We've woven AI through the curriculum — research synthesis, persona work, branding, testing, prototyping — pulling directly from our popular AI for UX Design course for experienced designers so you're learning the same AI-augmented workflows practicing teams use today. Also, every UX Academy graduate now receives an enrollment credit toward one of our advanced courses. Several of those are AI courses, and we're building and updating them constantly. So your AI learning doesn't stop at graduation; as the tools keep evolving, you've got a way to keep evolving with them.

That's the update. More AI inside the program, and a built-in path to keep going after you finish.

Here's the part worth sitting with though: none of that changes our core thesis. If anything, it sharpens it.

We added more AI. We're still not "AI-first."

There's a particular kind of pitch making the rounds in design education right now: the promise that AI lets you skip the hard parts. Learn the prompts and leapfrog the years of craft that used to stand between a beginner and a working designer.

We don't believe that, and adding more AI to the program hasn't changed our mind. It's reinforced it.

Because here's what we keep seeing: AI, as it stands today, is most useful to people who already know what good looks like. It's confidently, fluently wrong on a regular basis. It'll hand you a persona that reads like polished marketing copy and contains nothing a real user ever said. It'll synthesize research into tidy themes that quietly smooth over the most interesting contradiction in your data. It'll generate three slick visual directions and have no opinion about which one serves the user.

None of that is a problem if you can catch it.

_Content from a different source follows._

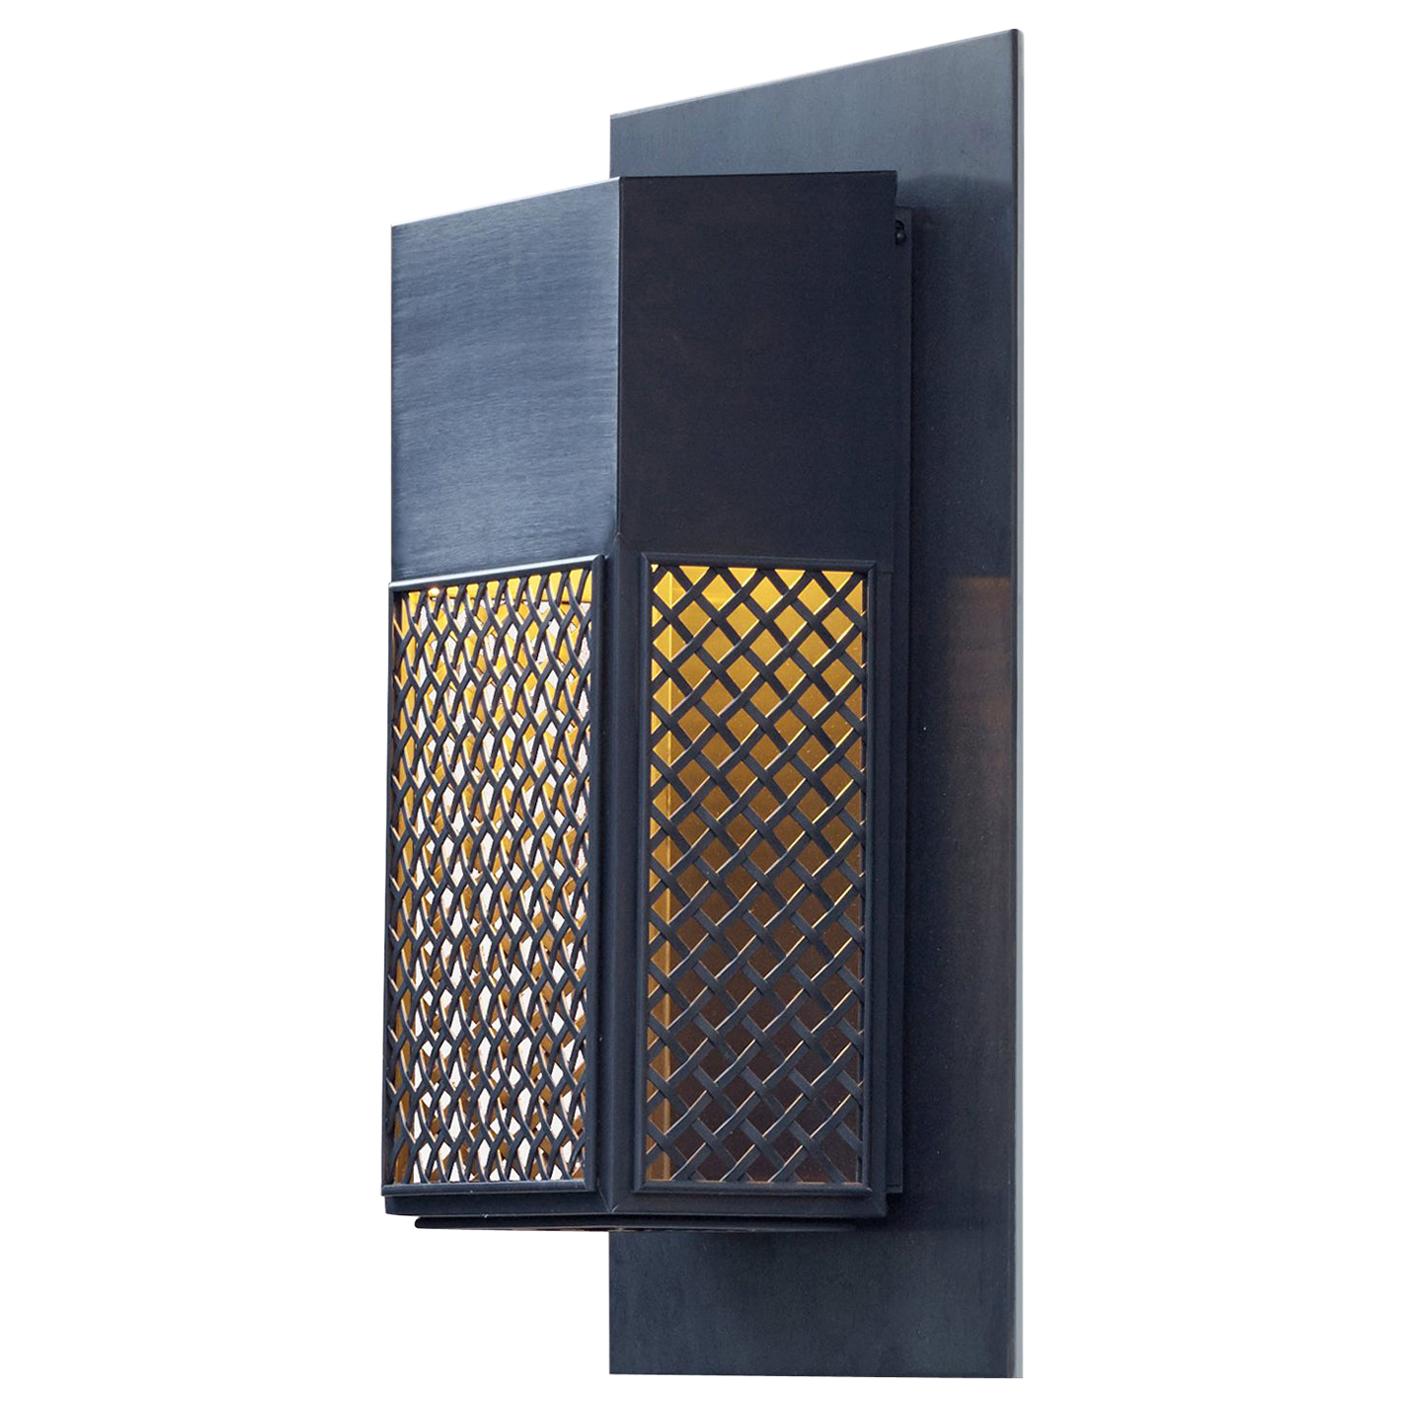 Tekna Maddox Wall Light with Dark Bronze Finish and Optional Wall Plate

All of it is a problem if you can't. And the only way to develop the eye that catches it is to have done the work yourself first — you can't meaningfully evaluate an AI-generated persona if you've never built one from real interviews.

So as we put more AI into UX Academy, we were deliberate about where. The early modules stay manual on purpose. You learn research, synthesis, and UI work the hard way first, because that's what gives you a standard to hold AI output against. Then you bring AI in at the specific moments where it has genuinely changed professional practice — as someone who can tell good output from plausible nonsense.

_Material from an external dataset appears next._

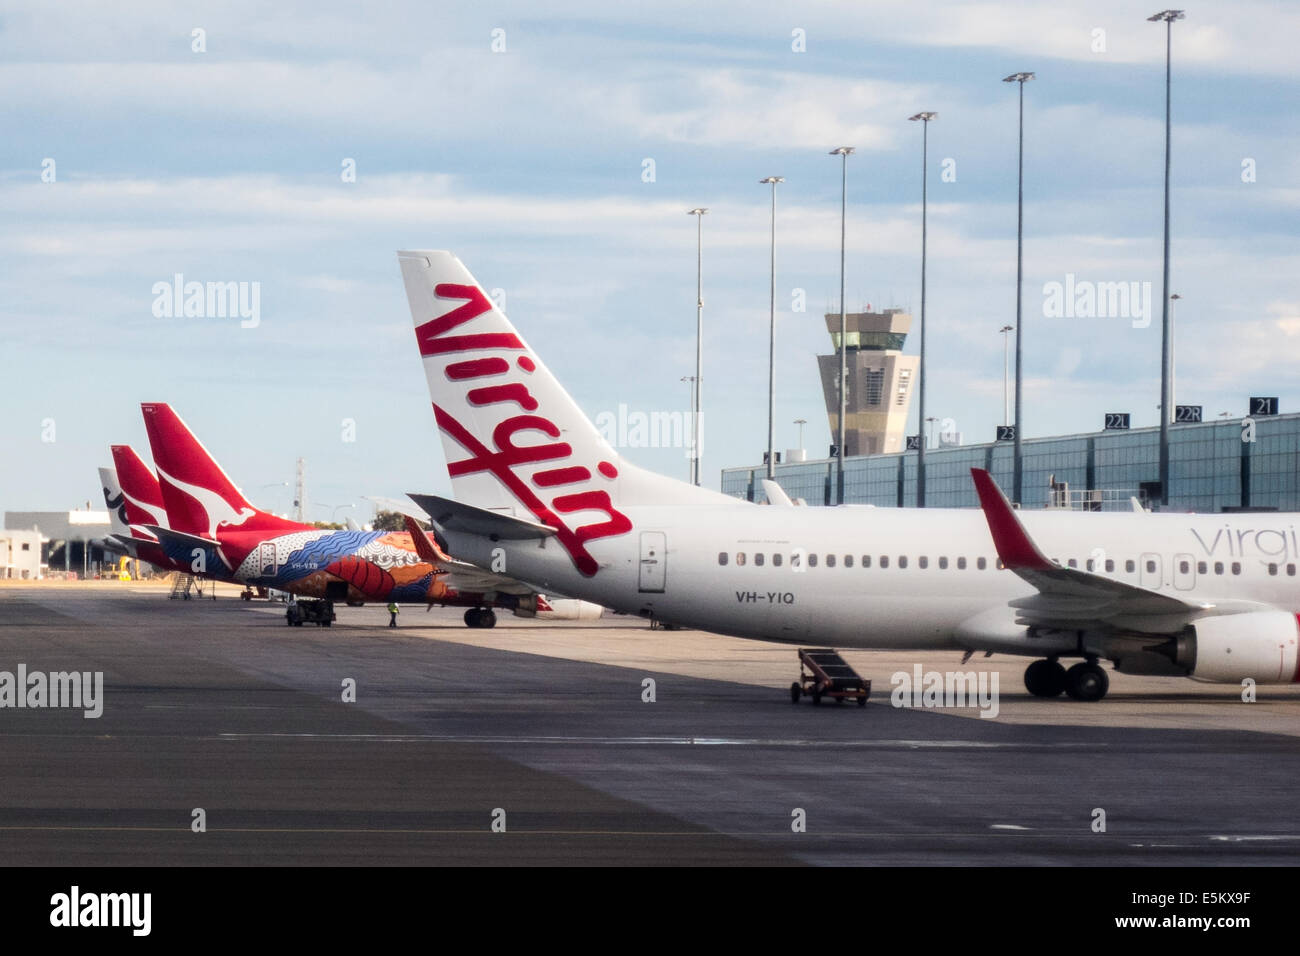 Virgin aircraft on tarmac with Qantas planes at Adelaide airport Australia Stock Photo

More AI support, layered on top of fundamentals. Not AI instead of fundamentals.

Why the thesis holds: the human parts are the valuable parts

AI isn’t replacing designers. AI is replacing tasks — the mechanical middle of the work. Cleaning up transcripts, generating quick variations, formatting a stakeholder deck. That's getting faster, and it's a real gain. What AI is not replacing is the part that decides whether a product succeeds: understanding real users, making strategic judgment calls, defending a decision to a skeptical stakeholder, building trust on a team. Those depend on human experience, taste, and empathy that current AI can't reproduce.

We strongly believe that the designer who wins isn't the one who avoids AI, and isn't the one who only knows AI. It's the one with the foundational skills and the AI fluency. That's the person this updated iteration of UX Academy is built to produce.

What stayed the same (on purpose)

The spine of the program is unchanged: the complete UX/UI process, real projects, a portfolio with four capstones including a live client brief, and weekly 1:1 mentorship with a working designer.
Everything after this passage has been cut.